2 minute read
The Choice! Is it Truly Ours?
By: Beenish Khurshid , Montreal Canada
I had a dream recently. I was in a large lecture hall, and the director of my company was the lecturer. The class was on clothing. The lecturer began by asking the class: what is the purpose of clothing?
Advertisement
One person said to look beautiful. Others started mentioning other ideas as the lecturer picked on me - "pay attention" (I was). Turn your chair, and so on.
The focus soon shifted to the oppression of the Hijab and the oppression of Muslim religion and cultures in general. I struggled to speak up and the lecturer did not give me a turn. Then the lecturer gave a student a sheet of paper. Role play. She got up, and asked a Hijabi woman: are you more beautiful, or am I? And started explaining how she believes she is more beautiful, prompting for an answer. Some women in the class tried to defend Islam. Finally, frustrated at not having had a voice in the debate, made to feel inadequate by the lecturer, and having a clear argument in my mind, I spoke up.
What is the purpose of clothing?
To some, it is to look beautiful.
To others, it is to look sexually attractive.
To others, it is to show off how ripped (muscular) they are.
To others, it is to conform to societal norms.
To yet others, it is to address natural feelings of shame and not feel exposed.

But in today's western society, most of us do not decide what we wear. It is decided for us. Some clothing choices are decided by long standing social norms - men wear suits to interviews, or women wear dresses to weddings. Most, today, are decided for us by the fashion industry. And what are the motivating goals of clothing in fashion? To be attractive. To be sexy.
Why is it that T-shirts often have text written on the chest and not on the belly? Why is it that we must wear stretch-fit yoga pants to the gym, and bikinis to the beach? It is something the fashion industry has decided for us, and decided that these clothes will make us look most attractive. And almost nothing else is available on the shelf. (Anyone who has read up on healthy gear to wear while exercising knows that it is actually healthier to wear loose fitting clothes while working out.)

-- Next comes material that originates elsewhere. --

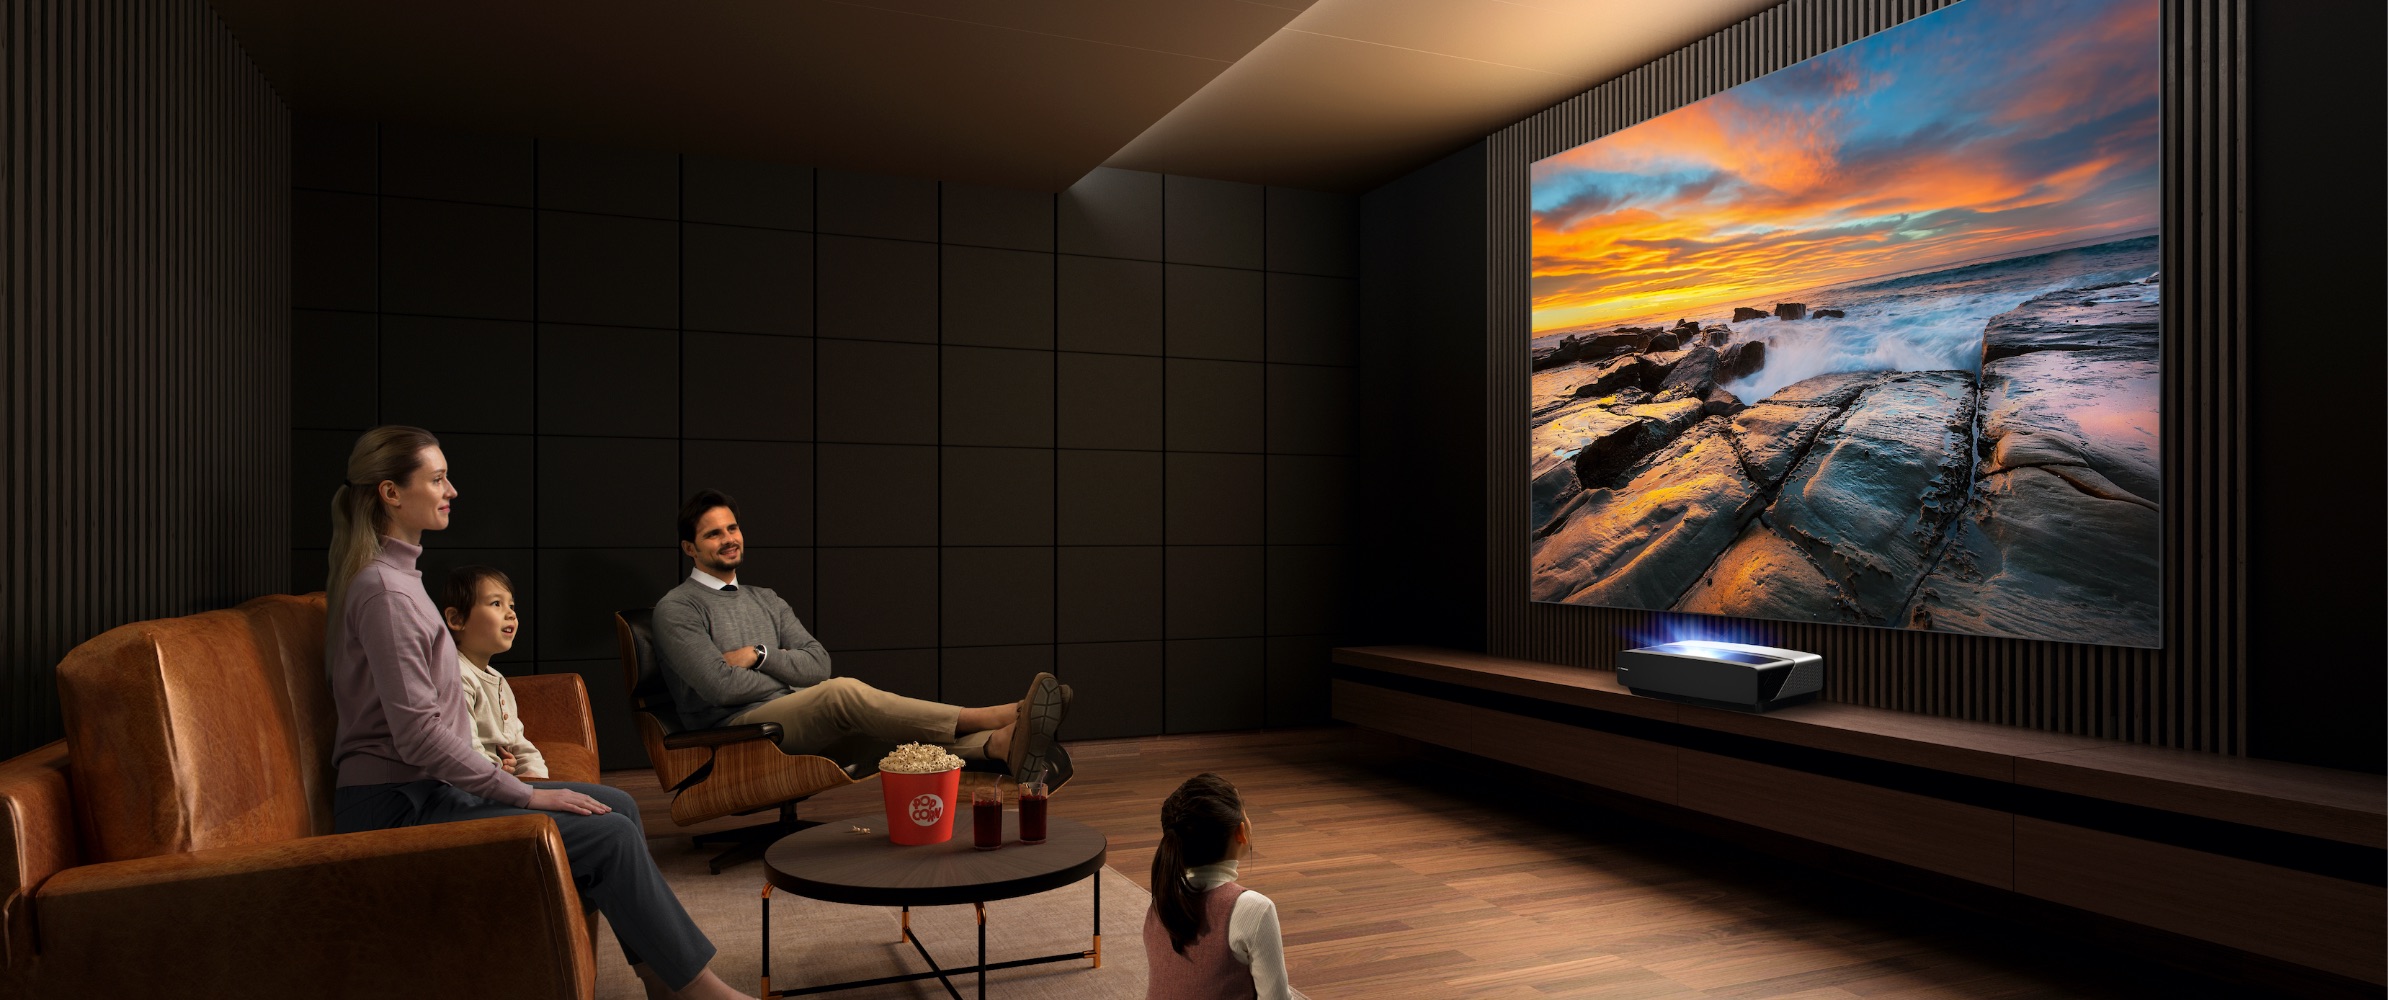 Hisense 120L5 - Home Cinema Experience
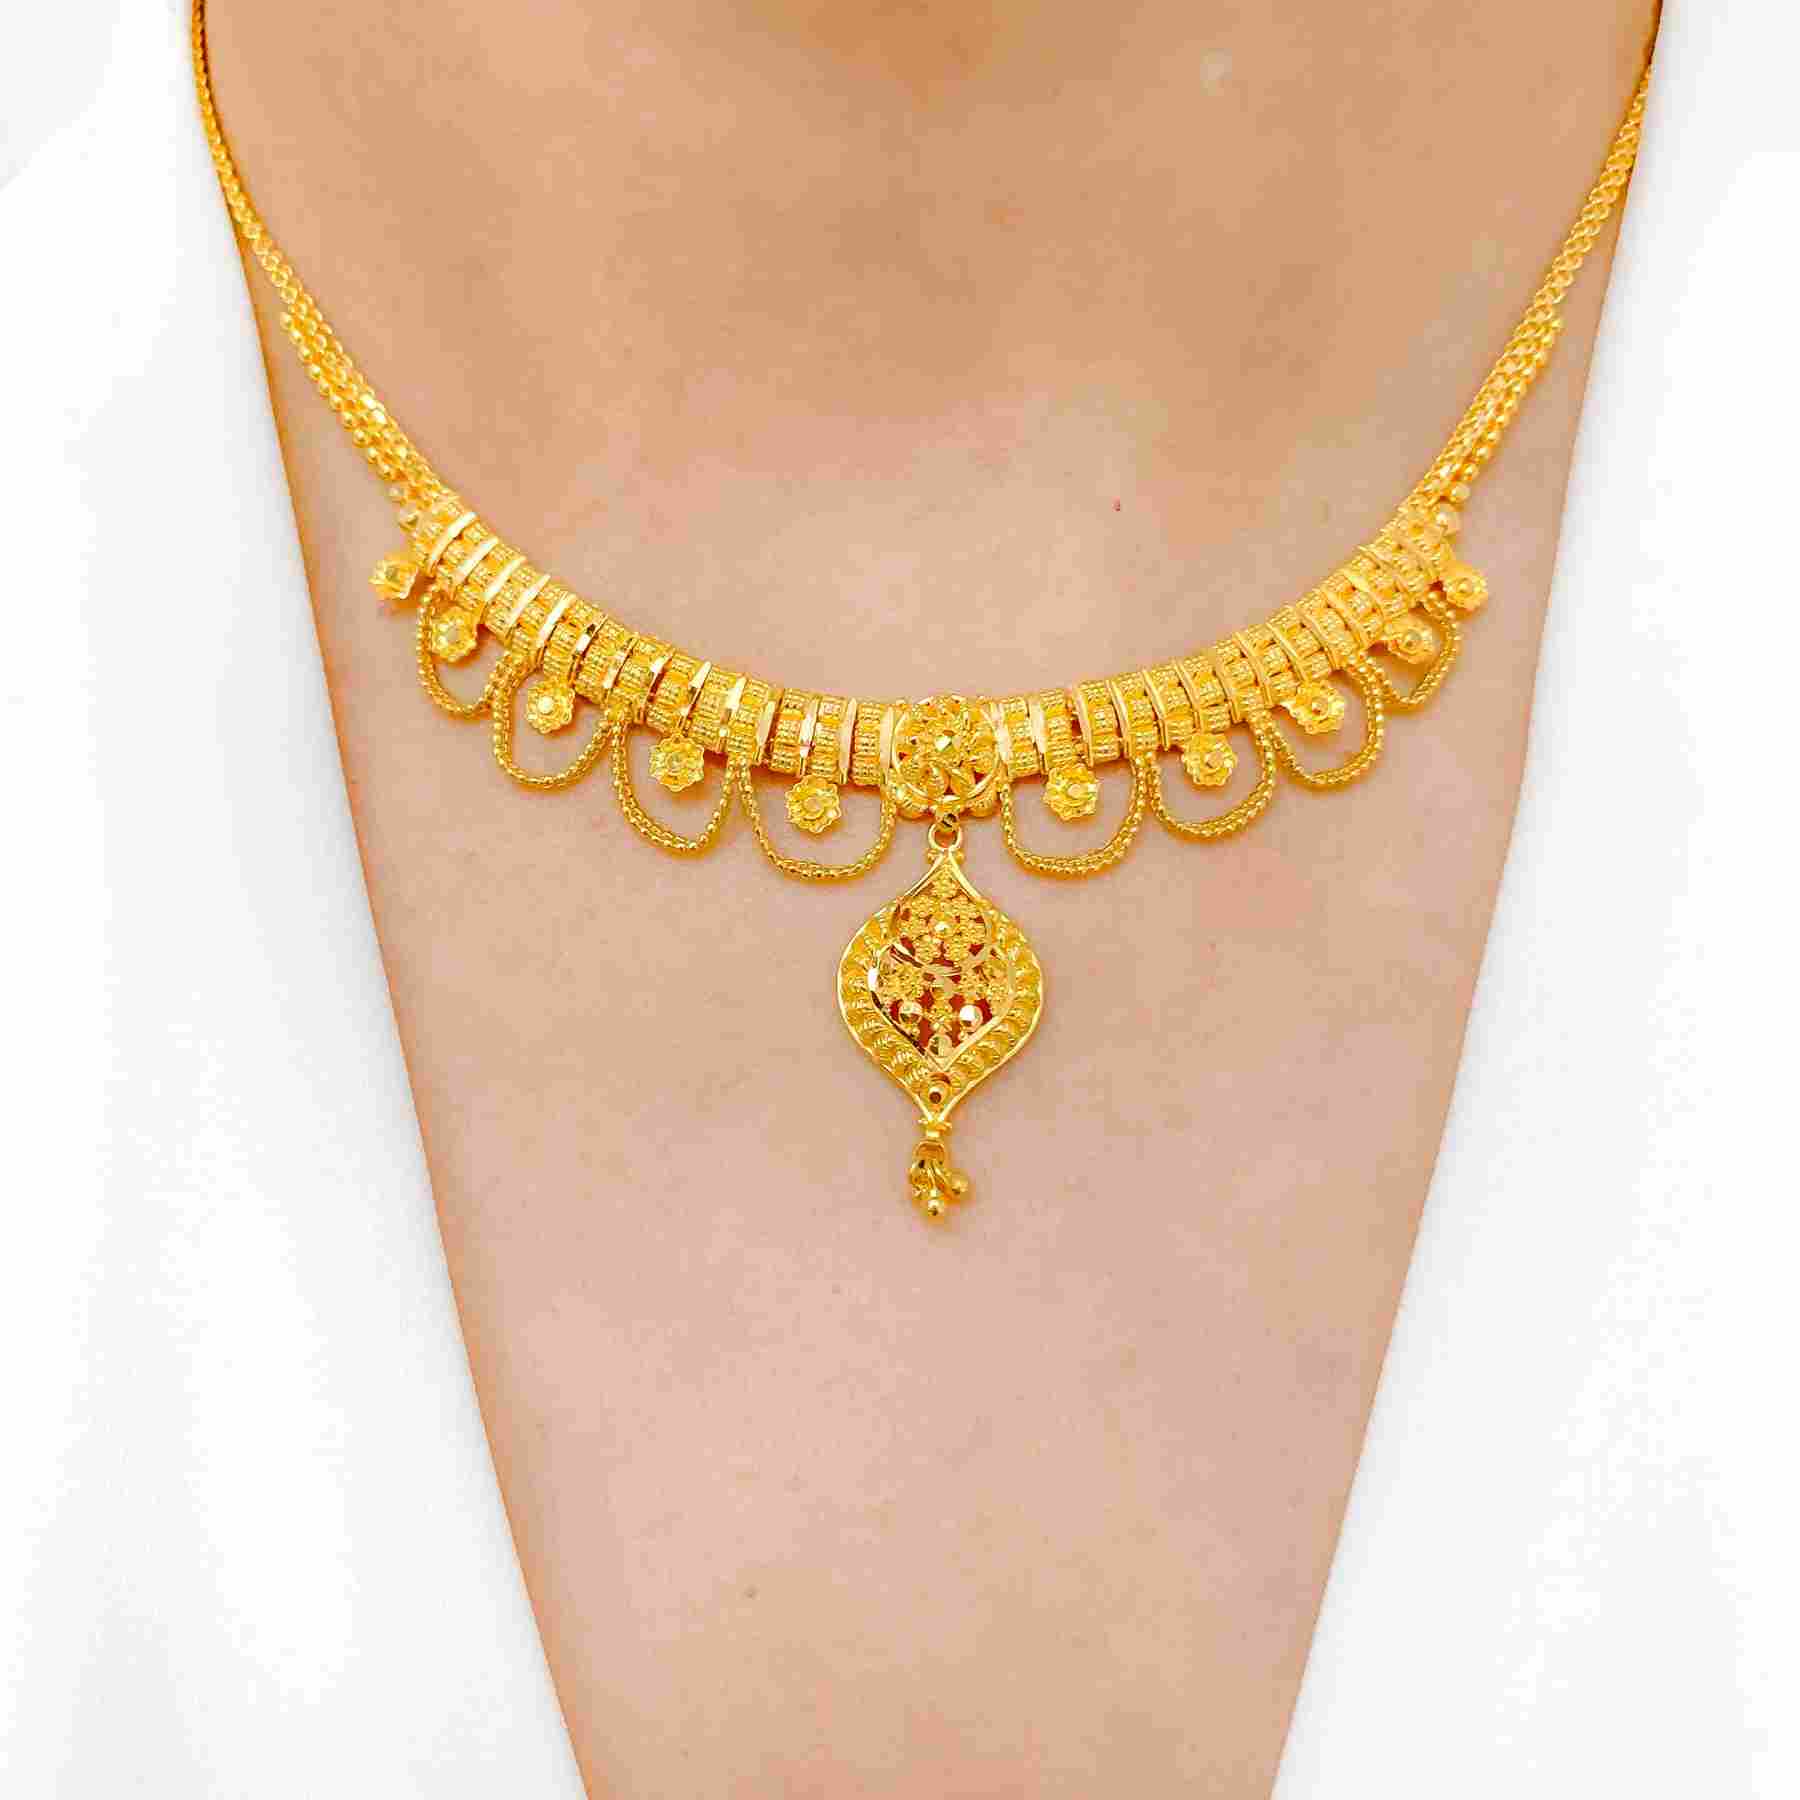 Wedding Gold Necklace Design : हलके वजन में नेकलेस

So while the vast majority of people in the world wear what they are told to wear, Muslim women in the West make a choice for themselves, on what clothing means to them, and on what how and when they are going to wear it. They make a choice to regain control of their bodies. To decide who looks at them, when, and what people get to see. And they decide what purpose they are operating under at any given time: to look beautiful, to look attractive, to preserve their right to bodily privacy, to be modest, or to obey God.
Let's start taking control of the narrative, and recognizing that when we put our minds to it, we can put oppressive ideologies like "secular clothing" (and Bill-21 in Québec) to peaceful rest.